- Born: January 29, 1919
- Died: February 25, 2009 (aged 90) Zirl, Austria
- Occupations: Mezzo-soprano; teacher;

= Ira Malaniuk =

Austrian opera singer

Ira Malaniuk (Ірина Маланюк; Iryna Malanyuk; 29 January 1919 – 25 February 2009) was an Austrian operatic Mezzo-soprano of Ukrainian descent. She sang a wide range of roles, from Mozart to contemporary works.

== Life ==
Malaniuk was born in Stanyslaviv. She studied first in Lviv with Adam Didur, and later in Vienna with Anna Bahr-Mildenburg. She made her stage debut in Graz in 1945. She joined the Zurich Opera in 1947, where she took part in the creation of Willy Burkhard's Die schwarze Spinne and sang in the local premiere of Stravinsky's The Rake's Progress.
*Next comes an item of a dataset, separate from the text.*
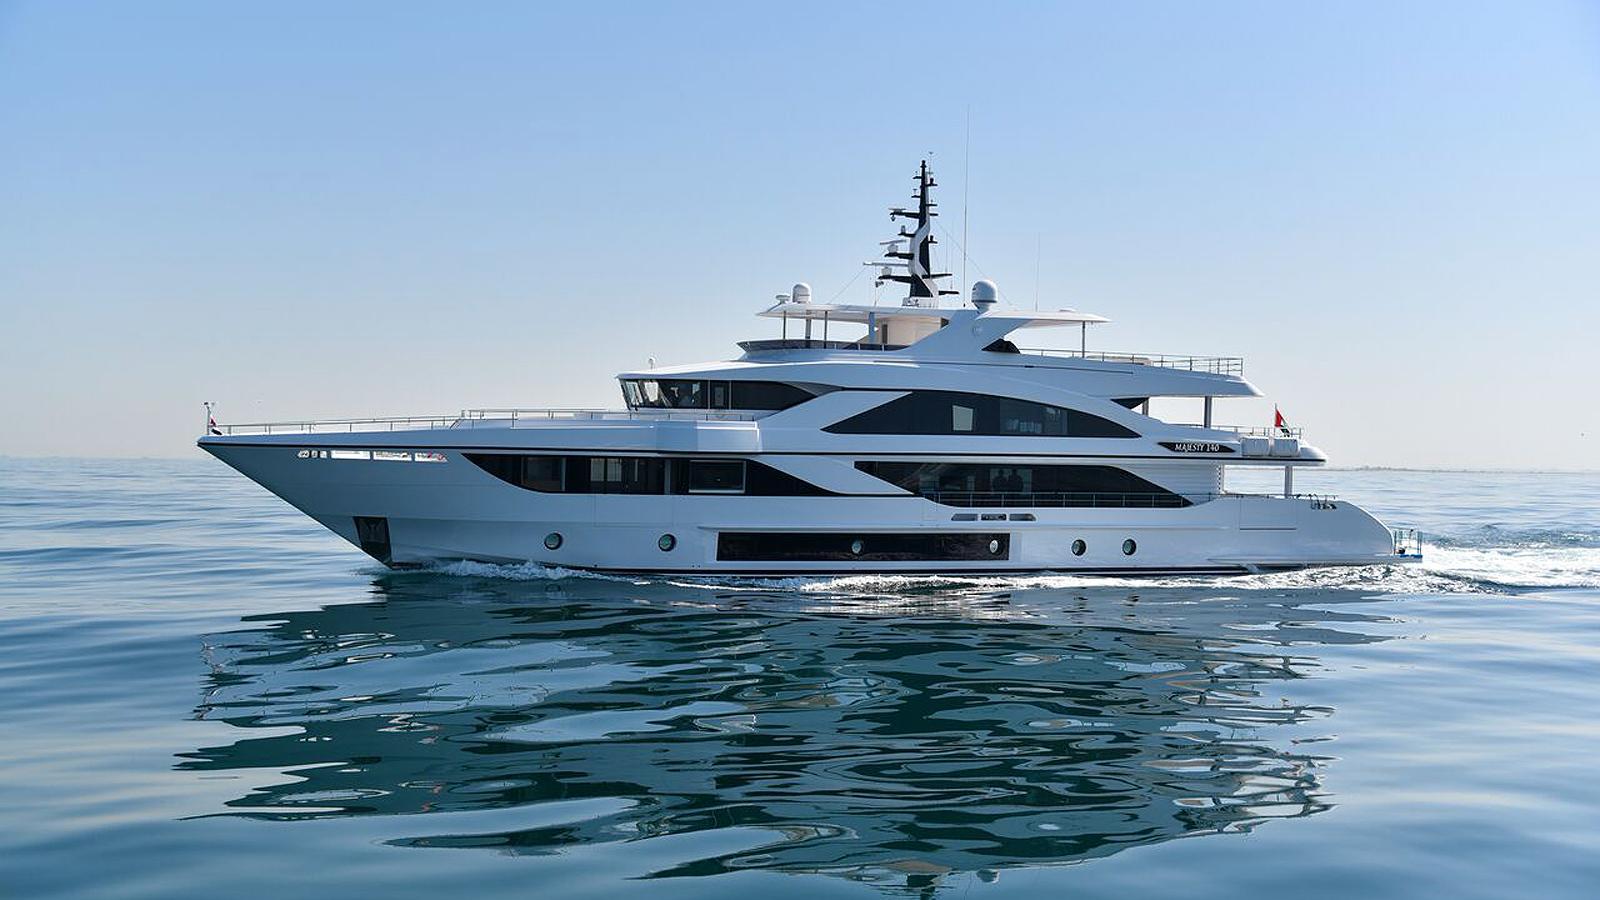 cest la vie majesty 140 motoryacht gulf craft 43m 2018 sea trials profile

In 1952, she began appearing at the Munich State Opera and the Vienna State Opera, her roles there included; Gluck's Orfeo, Verdi's Lady Macbeth, and Judith in Béla Bartók's Bluebeard's Castle.

Malaniuk appeared at La Scala in Milan, in the Ring Cycle under Wilhelm Furtwängler. She also made guest appearances at the Royal Opera House in London, the Paris Opéra, the Monte Carlo Opera, at the Salzburg Festival, the Bayreuth Festival in roles such as Magdalene, Fricka, Brangäne, Waltraute, Adelaide and Marina.
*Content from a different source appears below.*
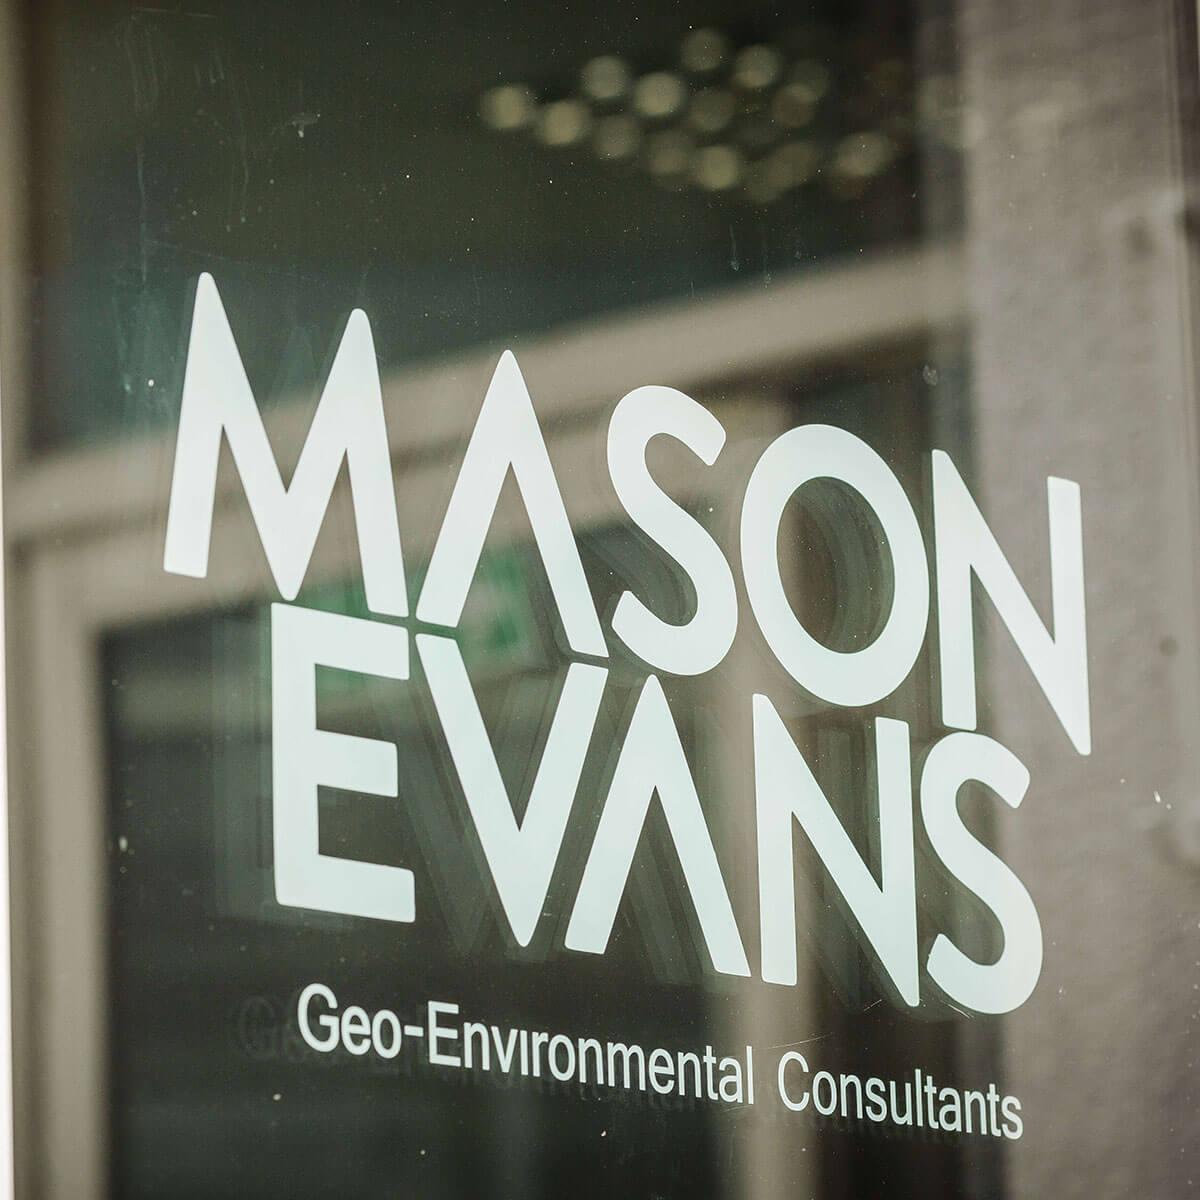 Mason Evans About Image

Malaniuk also enjoyed success in Italian roles such as Dorabella, Vittelia, Azucena, Amneris, she was also active in concert and oratorios, often singing the alto parts in Beethoven's Ninth Symphony and Mozart's Requiem.

Malaniuk retired from the stage in 1971, and taught at the Graz Music Conservatory. She died, aged 90, at Zirl, Tyrol (Austria).

==Selected recordings==
- 1953 – Wagner – Der Ring des Nibelungen – Ira Malaniuk sings Fricka, Waltraute and Second Norn at Bayreuth with Clemens Krauss
- 1953 – Mozart – Così fan tutte – Suzanne Danco, Ira Malanuik, Rudolf Schock, Horst Gunter, Edith Oravez, Benno Kusche – Hamburg Radio Chorus and Orchestra, Hans Schmidt-Isserstedt – Cantus Classics (sung in German)
- 1953 – Verdi – Der Troubadour – Christel Goltz, Hans Hopf, Ira Malaniuk, Josef Metternich, Wilhelm Schirp – Cologne Radio Chorus and Orchestra, Ferenc Fricsay – Cantus Classics (sung in German)
- 1955 – Mozart – La clemenza di Tito – Nicolai Gedda, Hilde Zadek, Ilse Wallerstein, Ira Malaniuk, Peter Offermanns, Gerhard Groschel – Cologne Radio Chorus and Orchestra, Joseph Keilberth – Cantus Classics (sung in Italian)
- 1958 – Verdi – Aida – Anna de Cavalieri (Aida e Sacerdotessa), Ira Malaniuk (Amneris), Aldo Bertocci (Radames), Scipio Colombo (Amonasro), Paolo Dari (Ramfis), Ugo Trama Il Re) Walter Bertelli (Un messaggero) – Orchestra e Coro dell'Opera di Roma, Ernesto Barbini conductor – Orpheus (sung in Italian)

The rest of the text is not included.